The novel concerns the adventures of the sedate and initially reticent hobbit Bilbo (Martin Freeman, pictured), enlisted by the wizard Gandalf (Ian McKellen) to aid a group of dwarves to recover their stolen gold from the dragon Smaug, who destroyed and now occupies their home in the Lonely Mountain. En route they encounter elves, goblins, trolls, wolves, eagles and men, some friend, some foe, and Bilbo’s ingenuity and increasing pluck frequently spare the blushes of his comically inept employers.
More than enough there. But Jackson and his fellow screenwriters have decided to join the dots between Bilbo’s adventure and that of his cousin Frodo 60 years later in The Lord of the Rings, using Tolkien’s appendices to the trilogy.
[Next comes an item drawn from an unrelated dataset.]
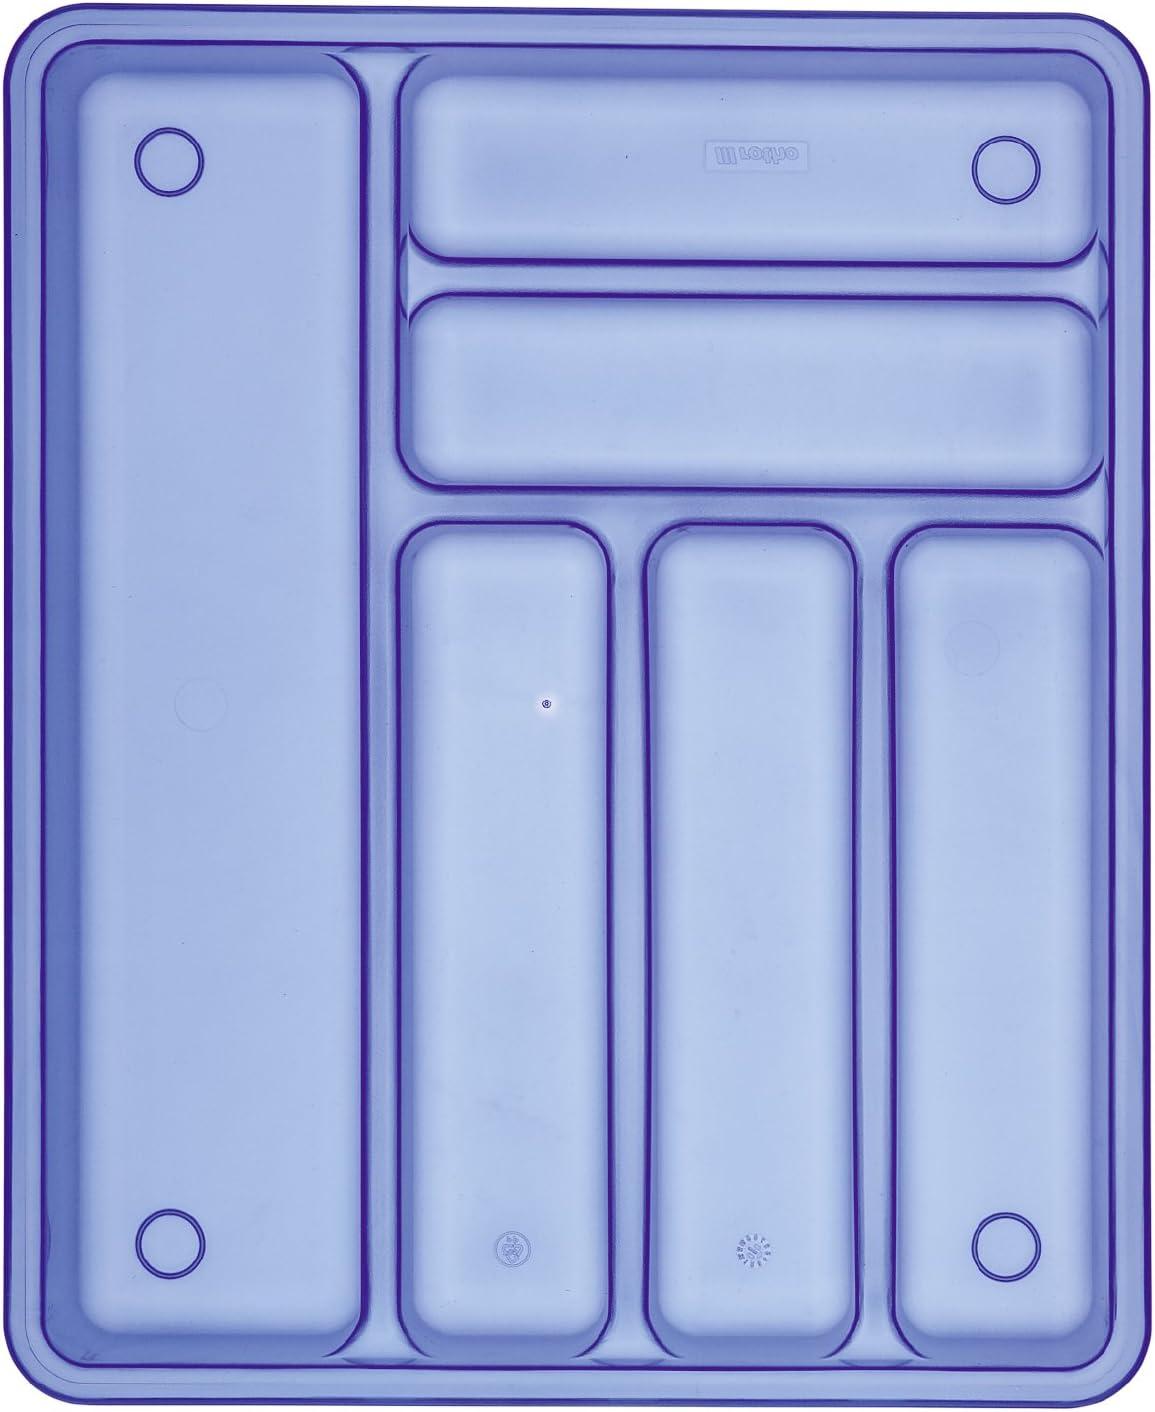 Schubladeneinsatz f/ür Besteck aus Kunststoff Besteckeinsatz f/ür Schubladen ab 40 cm Breite PP 39 x 32 x 5 cm blau Rotho Besteckkasten BASIC 6 F/ächer ca
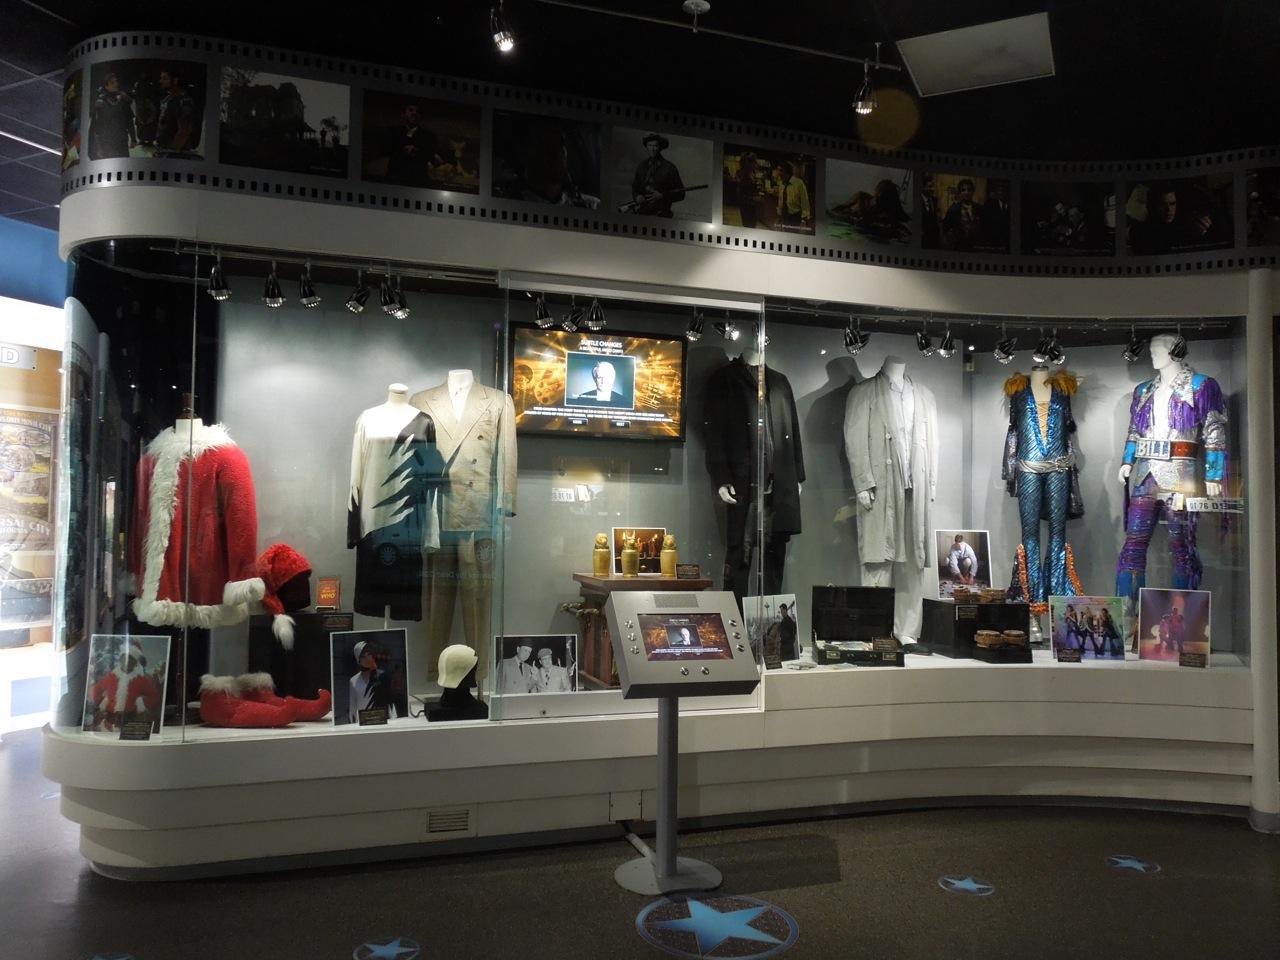 http://1.bp.blogspot.com/-BDWE7h8yjoY/T5n2OrYgp0I/AAAAAAAAq2A/Ry8z3ZtNjfI/s1600/UniversalStudios+costume+exhibit.jpg

Thus An Unexpected Journey features a great many unexpected storylines, with Ian Holm and Elijah Wood reprising their roles as the older Bilbo and the young Frodo, Christopher Lee and Cate Blanchett theirs as white wizard Saruman and the elf Galadriel. There are also legions of orcs. Now orcs do not feature in the book at all, and the presence here of these terrifying creatures ensures that Jackson’s departure from his source is not just one of length, but of tone; this is no longer a story for children, unless their parents want them to have nightmares.
The super-crisp image is strikingly real, so much so that it feels strange in the cinema
The filmmakers make yet another modulation: whereas Tolkien’s dwarves, led by Thorin Oakenshield (Richard Armitage), are greedy little blighters who just want their gold back, and only discover their true mettle at the end of the book, here they are immediately heroic warriors whose quest is to regain their home from the dragon. For the most part, we are denied the comedy of their foibles and mishaps, another example of the book’s great sweetness being denuded.
Much has been made of the director’s decision to shoot in 3D and, in particular, at 48 frames a second, twice the usual speed. And this too seems a misstep. The super-crisp image is strikingly real, so much so that it feels strange in the cinema; when accompanied by moribund pacing and a ponderously twee soundtrack, the overall effect is of watching TV, immersion denying us fantasy and the role of our imaginations.
The film has its moments: story-telling and special effects hit their marks in the scenes involving the trolls (including one who disgustingly mistakes Bilbo for his handkerchief) and the stone giants; Freeman, an Everyman with impeccable comic timing, was born to play Bilbo, and McKellen’s Gandalf is as mighty and mischievous as ever.
The film’s best sequence involves Bilbo’s meeting with the scheming and sinister Gollum, again played brilliantly by Andy Serkis. Their game of riddles, Gollum’s prize if he wins being to eat the hobbit, is wonderfully acted and suspenseful. As ever, Gollum steals the show.
Nevertheless, The Hobbit seems hugely misconceived, with our having to wait two more films, and two more years for its conclusion. Bilbo calls his memoirs There and Back Again. Do we really want to buy a return ticket?